В этом нарастающем «выпадении из ряда» проявляется набирающий силу процесс индивидуализации. Этот процесс находит выражение также в древневосточном законодательстве: принцип коллективной ответственности постепенно заменяется ответственностью индивидуальной, как в хеттском «Указе Телипину»: «Если же царевич провинится, то пусть он только своей головой искупит (вину). Дому его (царевича) [и] сыновьям его зла пусть не причинят» [30, с. 139; стк. 55–56] или в четком определении Иехезкеела: «Душа согрешающая, она умрет, сын не понесет вины отца и отец не понесет вины сына, правда праведного при нем и остается, и беззаконие беззаконного при нем и остается» (18, 20). Однако вот что показательно: несомненно нарастающая с течением времени индивидуализация сочетается не с послаблением, а с усилением требований к индивиду, понуждающих его действовать как все.

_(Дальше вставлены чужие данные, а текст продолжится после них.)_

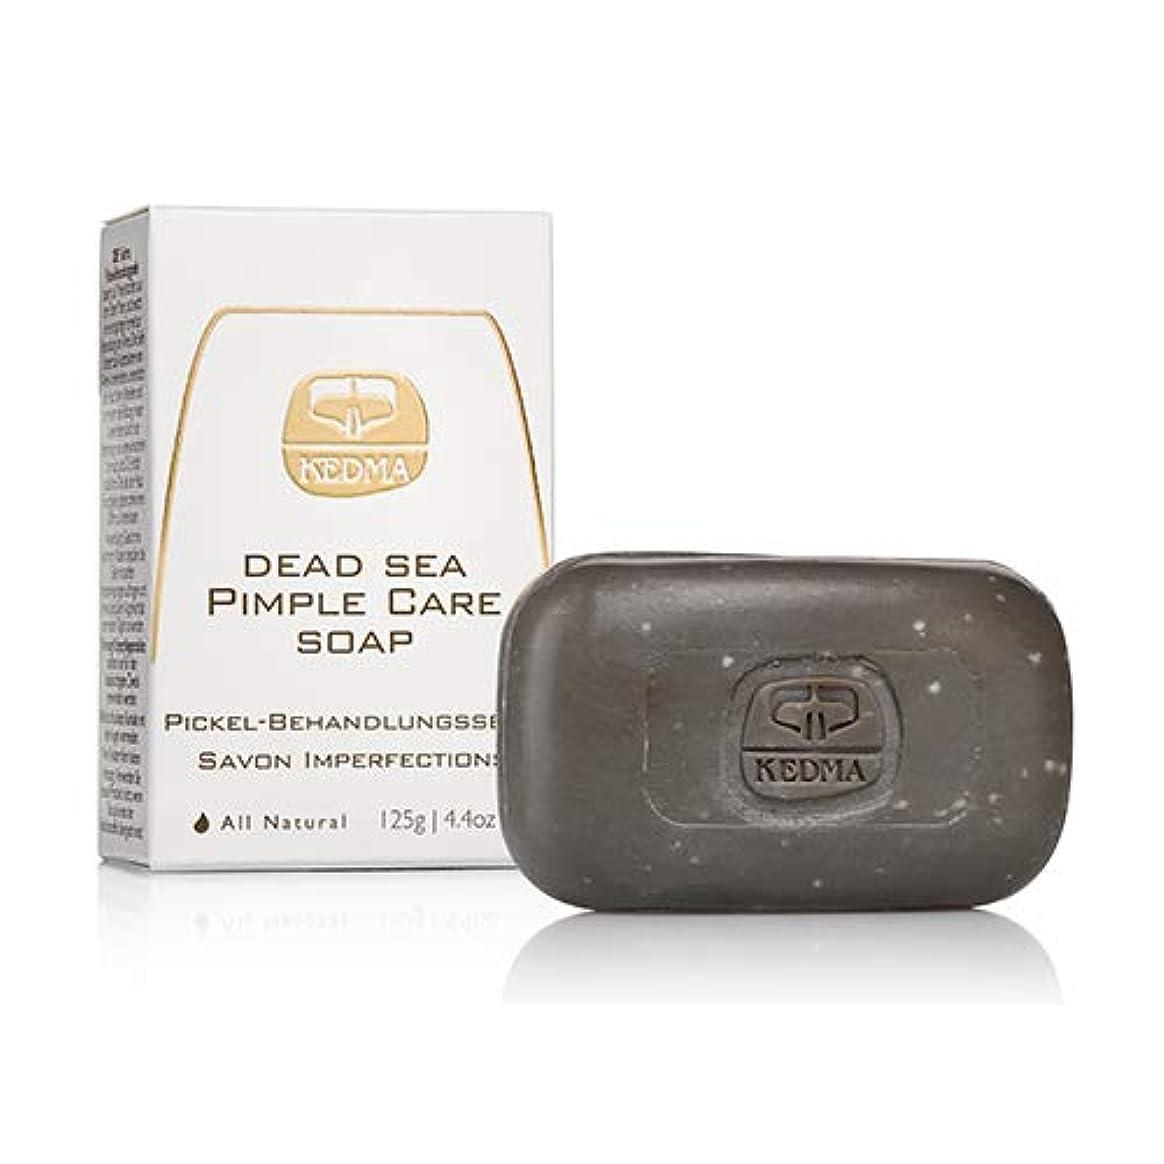 バング良心的苦情文句【日本初上陸/正規代理店】KEDMA死海のミネラル石鹸 死海ピンプルケアソープ 125g

Это подтверждается жесткой и все ужесточающейся нормативностью йахвизма, десятками законов и запретов, регулирующих поведение индивида. Примечательно, что особой непреклонностью отличалась нормативность как раз «выпавших из ряда» кумранитов, которые требовали не только неукоснительного выполнения всех ветхозаветных законов, но еще и дополняли их своими. Нарушение всех этих установлений сурово наказывалось: за сон во время собрания, за плевок на месте сборищ, за неуместный, громкий смех и т. д. члена общины отлучали от нее на разные сроки. Пример кумранитов демонстрирует сопротивление человеческой общности, «мы» (в данном случае – Кумранской общины) чрезмерной и, следовательно, опасной для этой общности степени индивидуализации.

Г. С. Кнабе предлагает такую периодизацию эволюции связанности «я» с античным полисом [62, с. 60–68]: тождество индивида и гражданской общины (первый период), их диалектическое, противоречивое единство (второй период) и наметившийся разрыв (третий период). Если принять подобную периодизацию, то количественная сторона процесса индивидуализации в древневосточной модели мира, т. е. степень выделения индивида из человеческой общности, выражается в движении от первого периода тождества «я» и «мы» ко второму – диалектическому, противоречивому единству «я» и «мы». Что же касается второй, качественной стороны, то все изложенное выше говорит о том, что в древневосточном мире человек выделяется из своего сообщества, из «мы» не столько своими физическими данными, не столько своими эмоциями, страстями, пороками и пр., а главным образом своими помыслами, словами, действиями, т. е. своим интеллектом [222, с. 312–313].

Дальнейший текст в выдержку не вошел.